Do you think it could be possible to use fractal methods...

Definitely, phi is the answer (that and the # '42' )

I don't get it. Do you mean phi as in the golden ratio 0.618...?

Yes, powers phi - the golden mean ratio, etc. this allows perfect fractacality across all scales and orders of magnitude. From the smallest scales of atoms and electron orbits to the solar systems and planetary orbits. This is expressed in biology, in spatial terms, as the Fibonacci sequence, as in phylotaxi in plants, and the skeletal structures of all animals etc. and, in temporal terms, in the number of offspring of each succeeding generation (studies done mostly w/ bumble bees and rabbits).

 

[Jadzia]

Well I don't know how widespread that could be in physics, but it tends to appear more in biological organisms because of biological goals: Principally, an evolutionary goal in order to minimise "resonance problems".
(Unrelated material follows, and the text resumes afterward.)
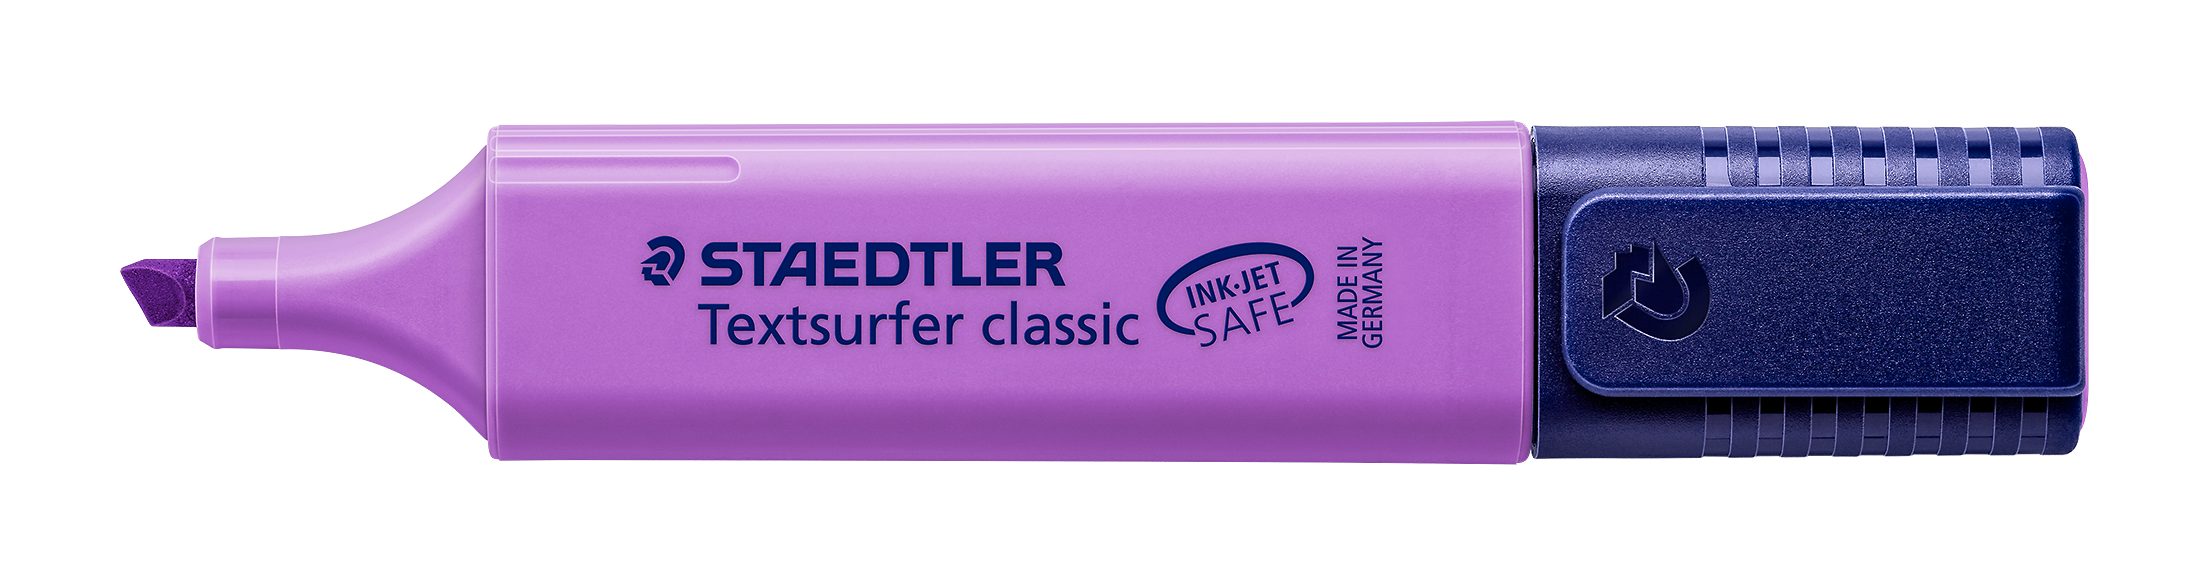 STAEDTLER Marker Staedtler Textsurfer classic violett 364-6 Leuchtstift lila, INK JET SAFE
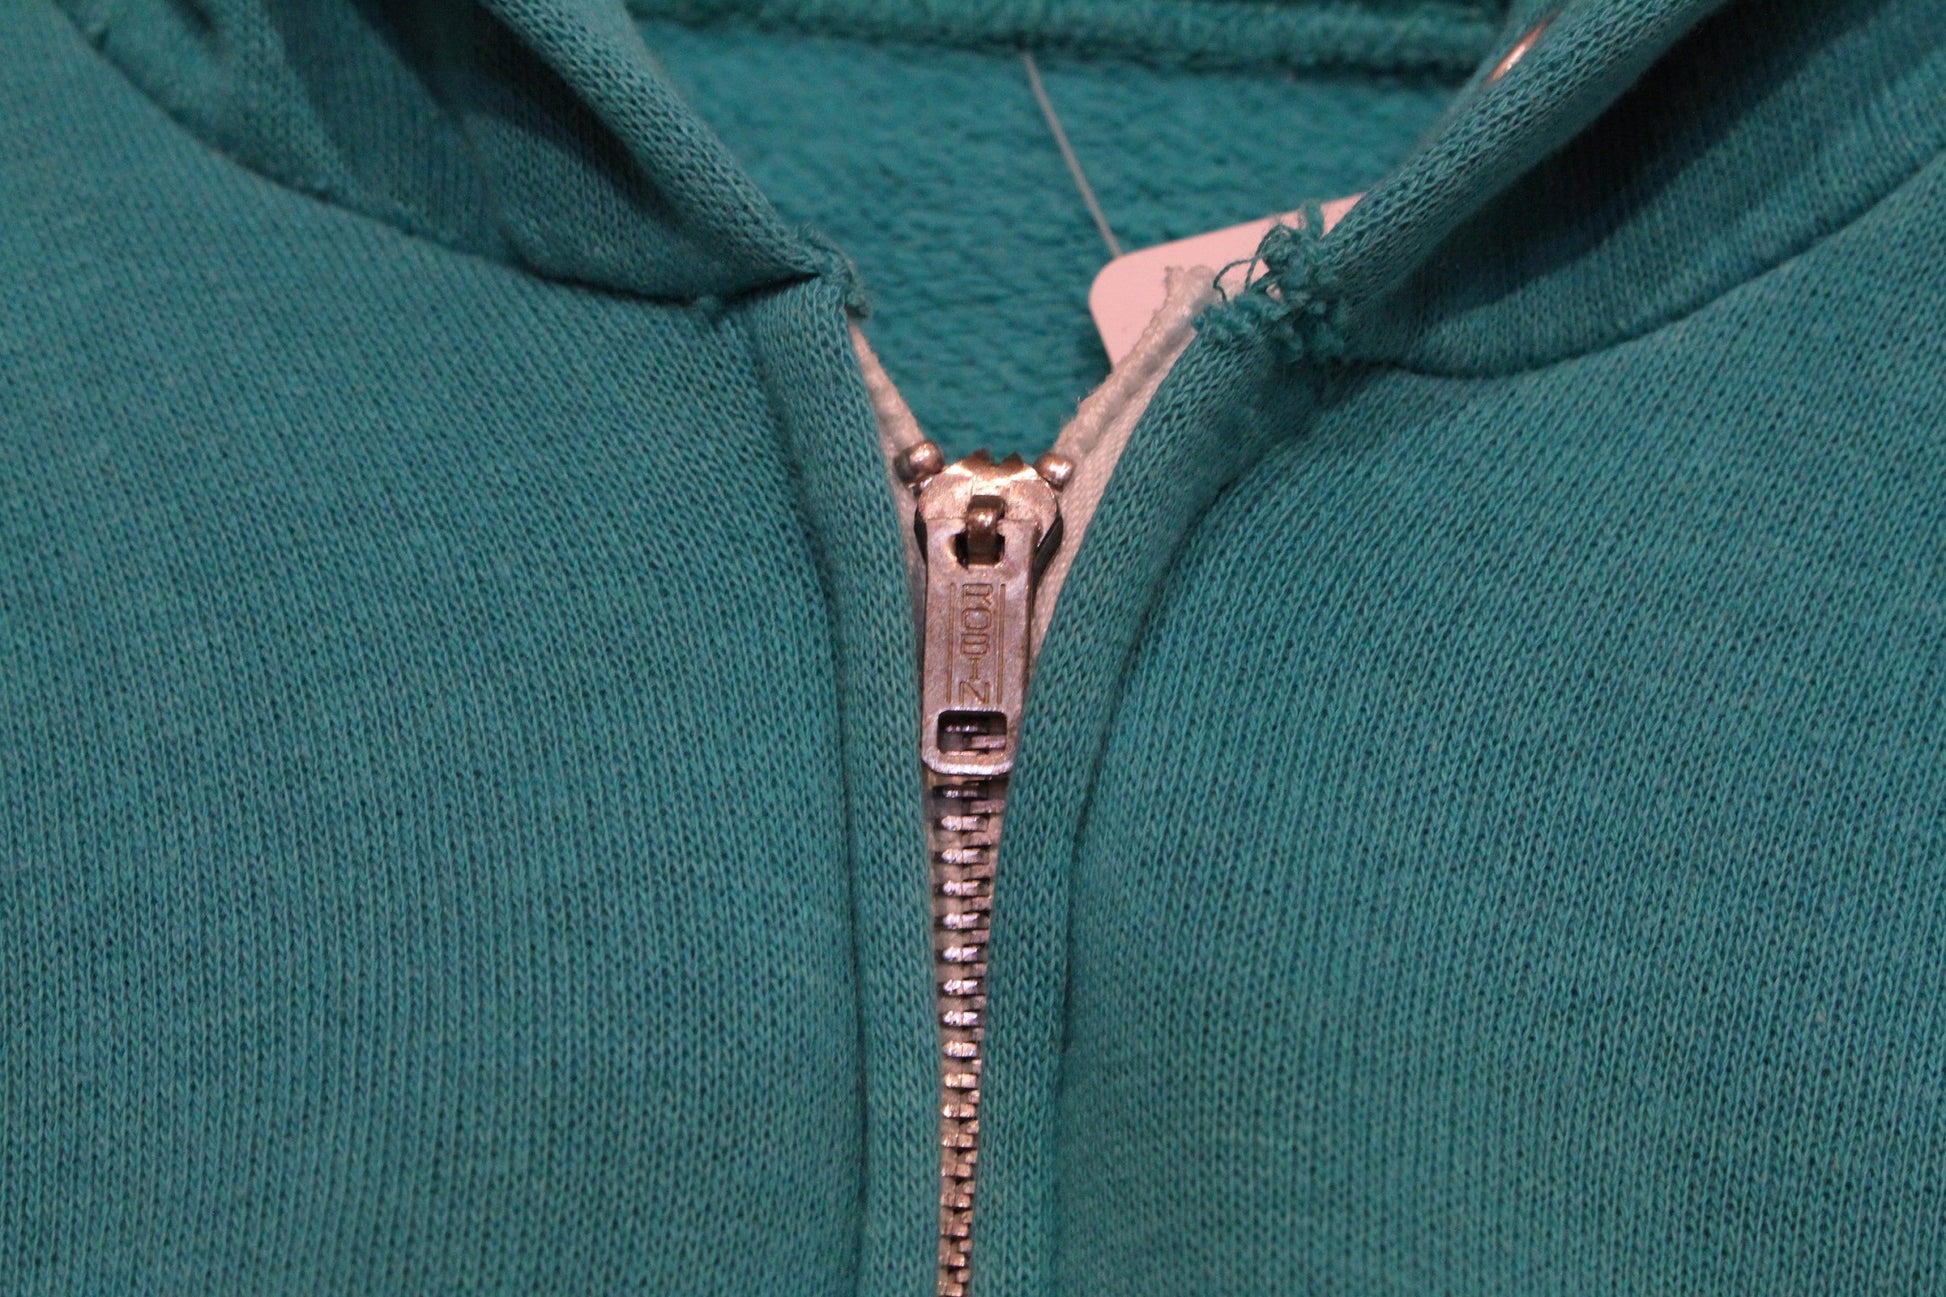 1970s/1980s Teal Zip-Up Hoodie Sweatshirt Women's Size S/M

For example, it is an important figure for optimal arrangement for cell growth/cell packing structures. Biology systems are all about cell packing.


The reason why phi is involved in this goal is because it has the property of being the least rational number, that is, it is the hardest number to approximate with a rational fraction a/b, where a and b are integers.

So in order to maximise complexity without incurring resonance patterns, you would move towards phi ratios in your harmonics.

Now that may have some relevance in superposition, with quantum waves, but I think it's more of a new age ideal than a work-to goal for a unification theory.